Commodity prices move in cycles and the question for coal investors now is – can things get even worse or are we nearing the bottom of the cycle?
While it’s very hard to be certain and know for sure when a bottom has been reached, here are three reasons to be positive about the future prospects for coal from this point on:
- Wesfarmers Ltd (ASX: WES) and Washington H. Soul Pattinson and Co. Ltd (ASX: SOL) both see a long-term future for low-cost coal miners. They’ve got their money where their mouth is, with each firm having significant stakes in coal mining operations.

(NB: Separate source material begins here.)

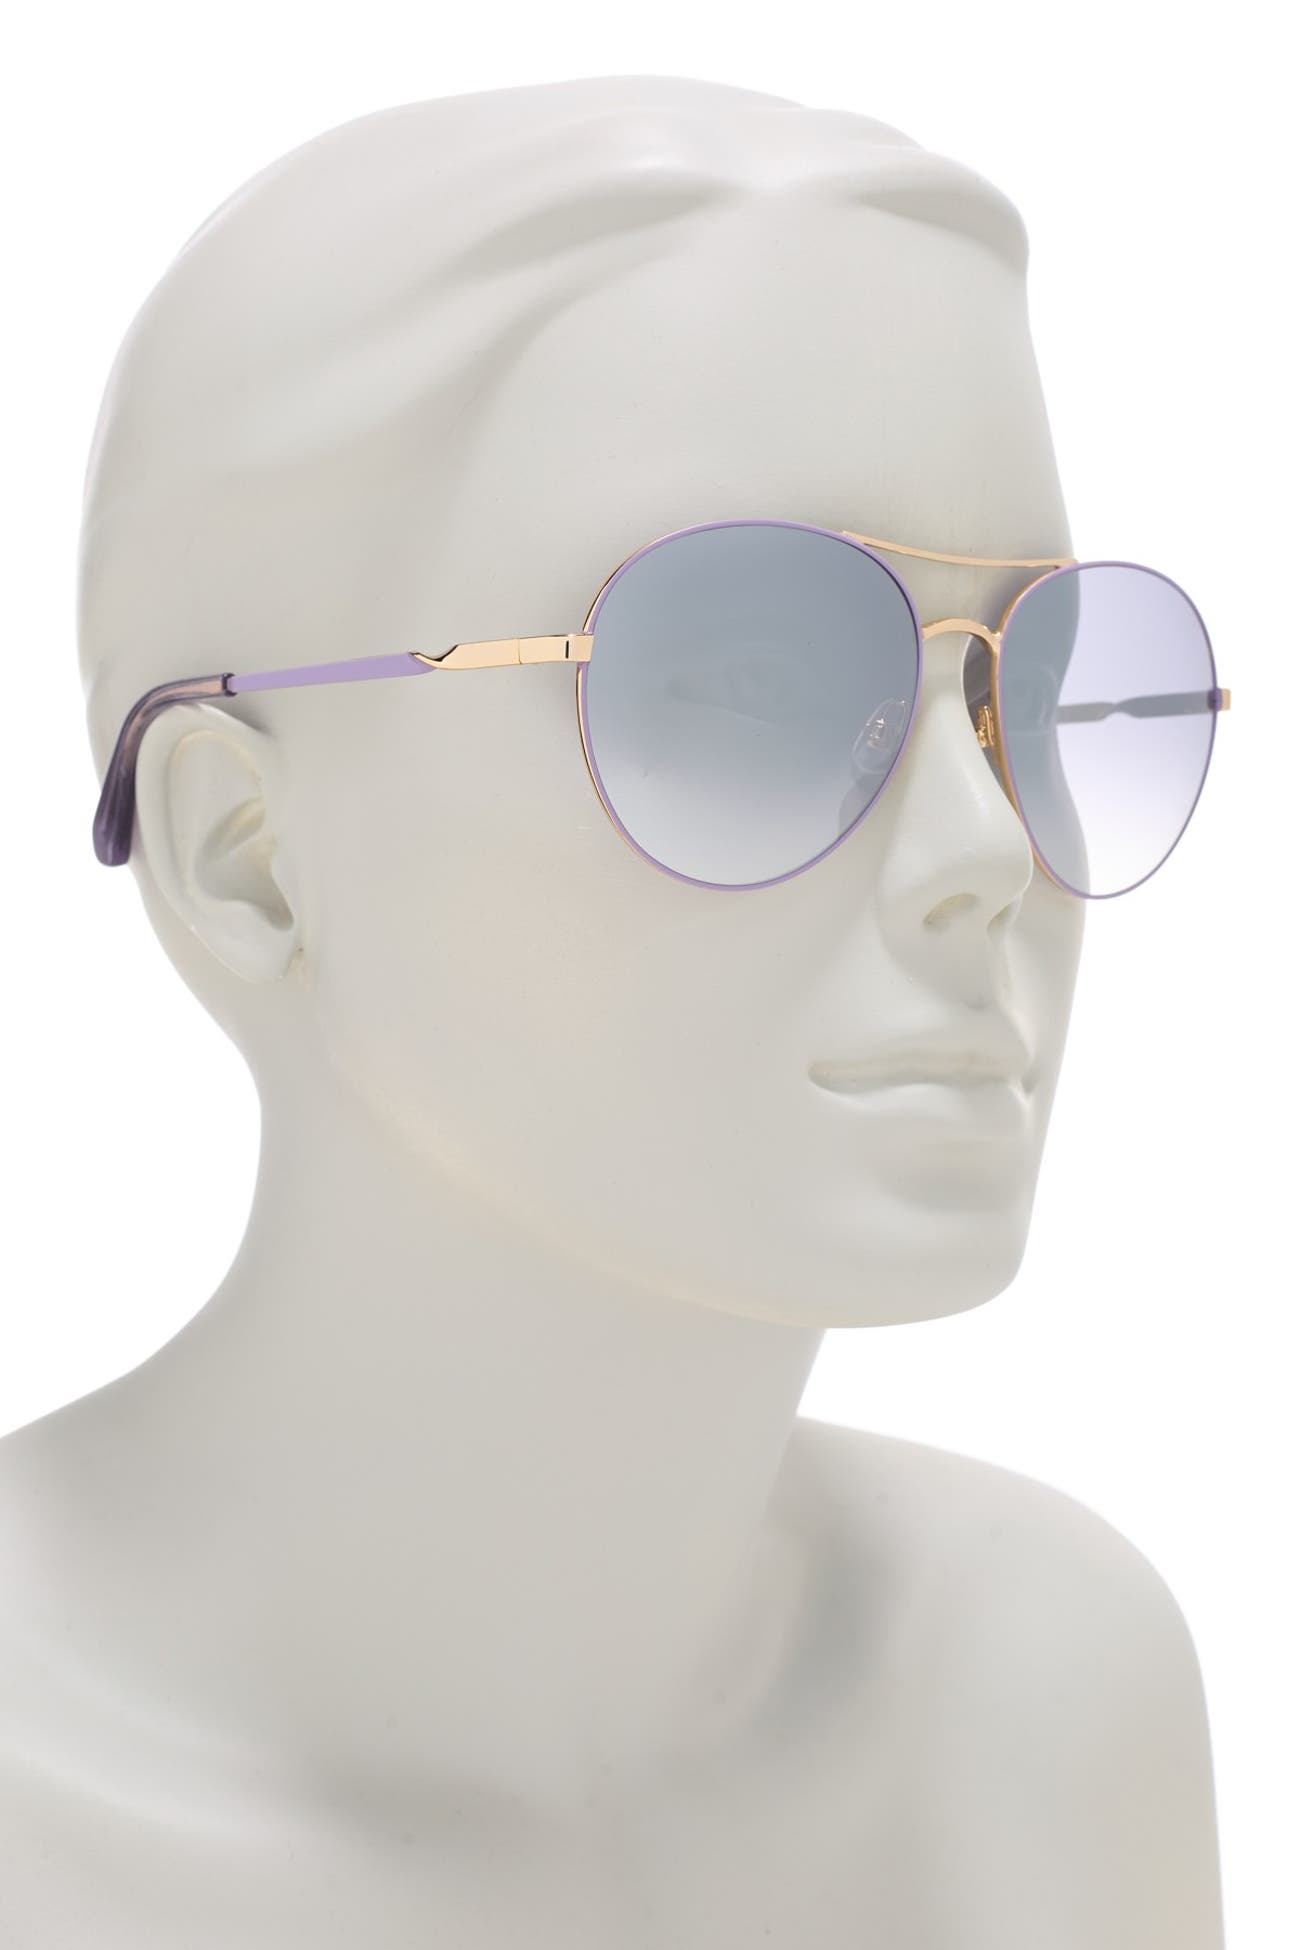 kate spade new york | joshelle 60mm polarized aviator sunglasses ...

For investors wanting a less-risky exposure to the potential upside in the coal price, Wesfarmers and Soul Patts could be a safer, more diversified way to play the theme.
- Major coal miners such as New Hope Corporation Limited (ASX: NHC) and WHITEHAVEN COAL LIMITED (ASX: WHC) are trading at six year and five-year lows respectively – at these levels the risk-reward trade-off is beginning to look favourable.
- Coal demand in Asia could be set for a rebound. A recent report in the Australian Financial Review quoted the executive director of the International Energy Agency (IEA) as saying:
“High LNG [liquefied natural gas] prices are threatening to crimp demand as many countries are increasingly unwilling, or unable to afford these supplies – and that could open the door to coal. Unless we see timely investment in new production and LNG facilities and the reversal of the recent cost inflation of LNG, only a very strong climate policy commitment could redirect Asia’s coal investment wave to gas.”